Following SV discovery across the six approaches, all individuals were genotyped using the aligned kākāpō125+ short-read dataset. The genotype filtered SV data for all six variant call sets were used for comparisons of individual variability, assessing shifts in the the number of SVs per generation, and to assess population structure of SVs. When reporting the number of SVs per individual and number of SVs among kākāpō cohorts, we use presence or absence of SVs per individual. That is, we consider genotypes as evidence of whether or not the individual carries the SV (0/1 & 1/1 = carrier; 0/0 = non-carrier). Both Fiordland- and Rakiura-derived birds (herein, founders) were used for comparisons across three cohorts (n = 1, 3, 4 for Fiordland founders, F1 and F2 and n = 40, 60, 10 for Rakiura founders, F1 and F2 respectively). Due to the lek mating system and a relatively long lifespan, the kākāpō population has had significant backcrossing through the generations. Therefore, the F1 and F2 generations represented here excluded all individuals with backcrossed lineages, as this may bias true generational patterns in SVs carried by individuals. Finally, to compare variability in the SVs carried by individual kākāpō, genotypes from the genotype filtered SV data for all four strategies was used to conduct a discriminant analysis of principal components (DAPC) with the adegenet R package (Jombart 2008). Only individuals used for generational comparisons (n = 118) were used to assess individual variability and SV population structure.
In the absence of a previously validated catalogue of SVs, neither a ‘true’ nor ‘false’ positive rate of detection could be assessed.
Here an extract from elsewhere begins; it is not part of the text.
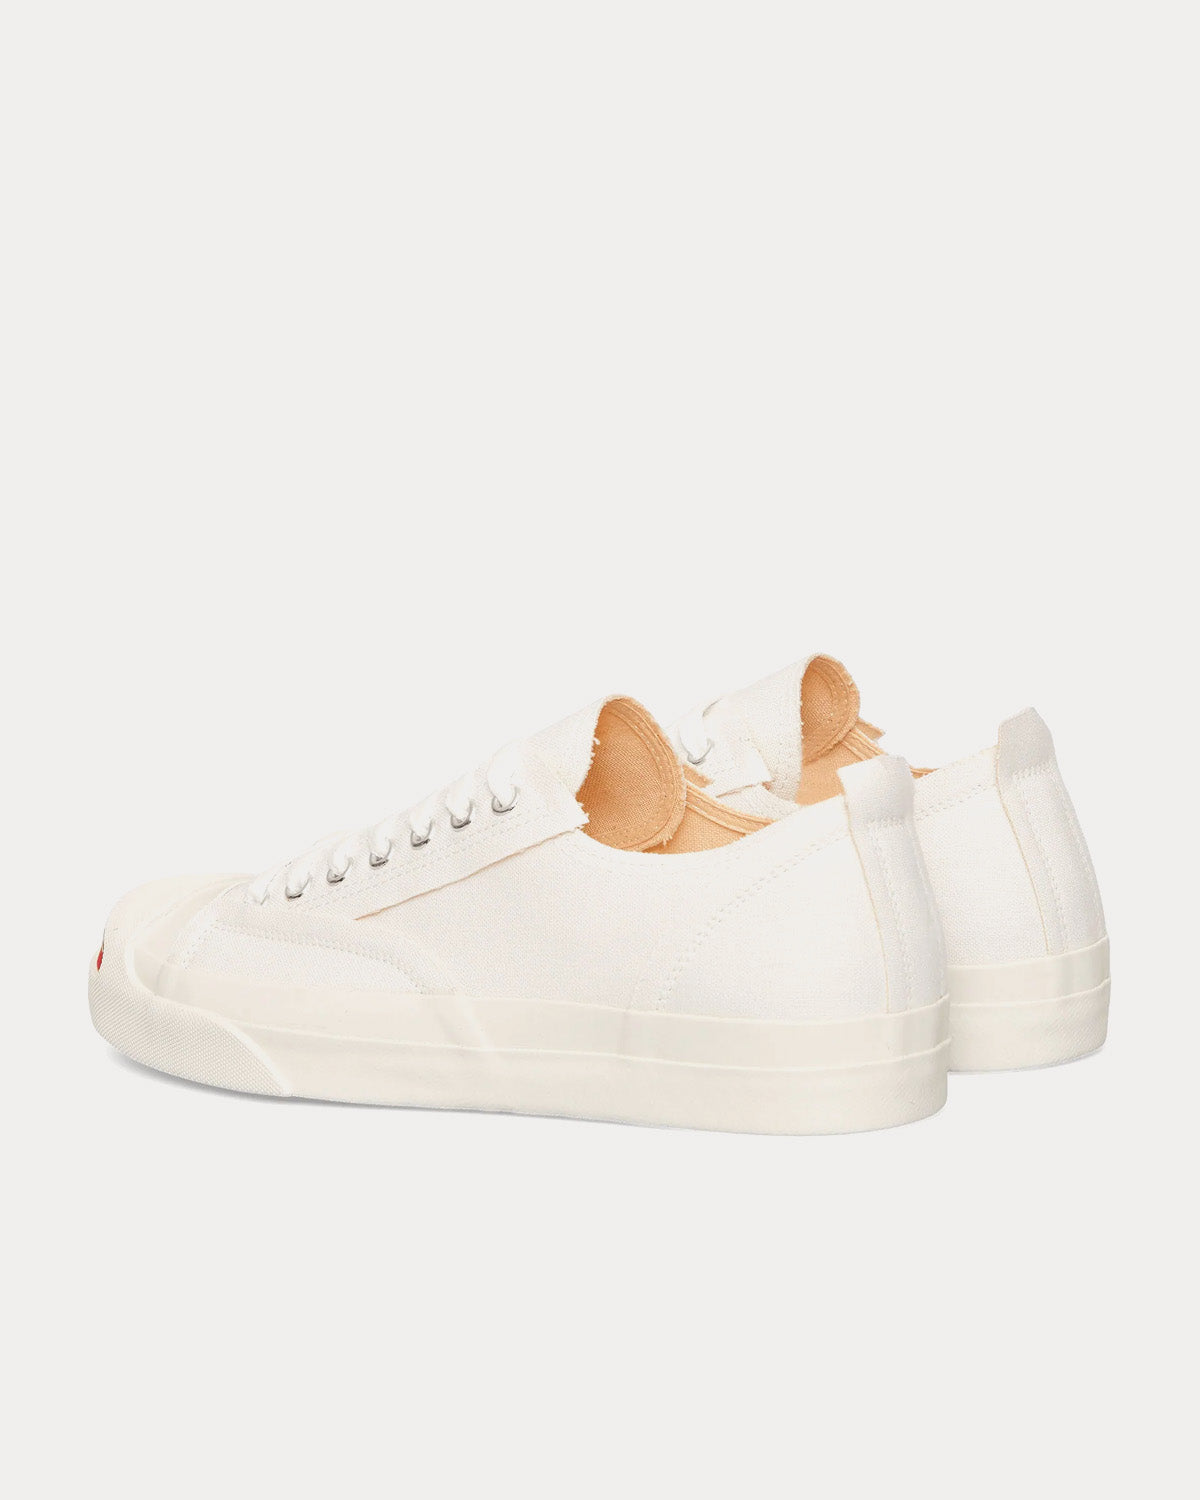 Undercover - Canvas White Low Top Sneakers

Despite not being able to estimate the precision and accuracy of SVs called in our data, we aimed to test the consistency of genotyping results using Mendelian Inheritance tests with parent-offspring trios. Although this does not eliminate the possibility of systematic error, nor does it provide an indication of the precision or accuracy of SV detection, departures from Mendelian Inheritance may indicate inconsistency of genotyping within a given SV call. Genotyping consistency is an important consideration for population studies as patterns of population structure or inferences about local adaptation may be impacted by inconsistencies.
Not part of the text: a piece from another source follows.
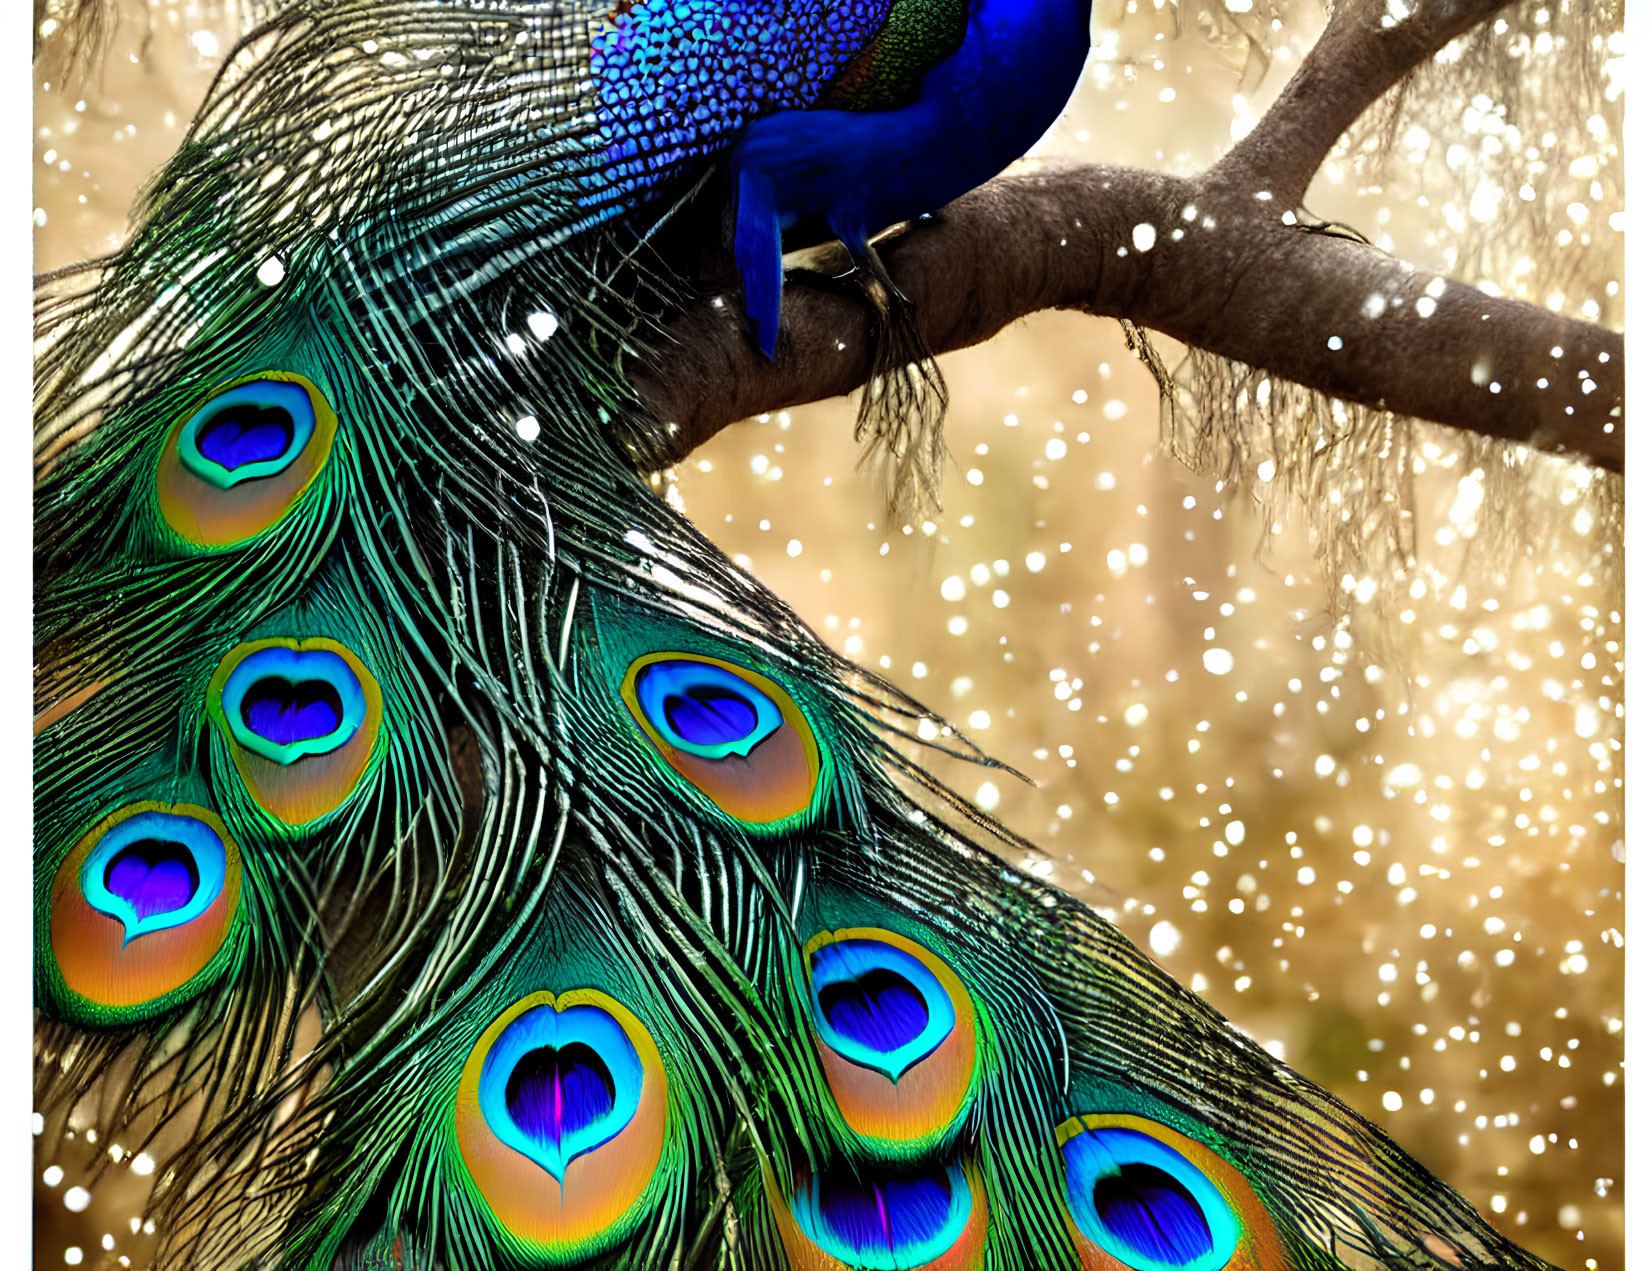 Colorful Peacock Displaying Iridescent Tail Feathers on Branch

To identify SVs that violate Mendelian Inheritance patterns, the BCFtools +mendelian plugin was used. Pedigree data provided by the New Zealand Department of Conservation identified 120 parent-offspring trios consisting of 158 unique individuals in the Kākāpō125+ sequence data. We tested SV genotypes by calculating the proportion of Mendelian Inheritance errors relative to the number of non-missing genotypes (i.e., GT != “mis”). Four thresholds were tested where adherence to Mendelian Inheritance expectations were either 100%, ≥95%, ≥90% and ≥80% of genotypes passed. It is important to note that not all 169 sequenced individuals were represented in pedigree trios, as they may not have descendants or antecedents represented in the short-read data analysed here. In addition, some individuals are represented multiple times in different family groups. This bias towards highly represented individuals in the kākāpō breeding population may not adequately capture all SVs called within the population. As such, we did not filter SVs using Mendelian Inheritance errors for downstream analysis. Rather, these tests may provide some insights into the relative performance of genotyping approaches among the pipelines used here.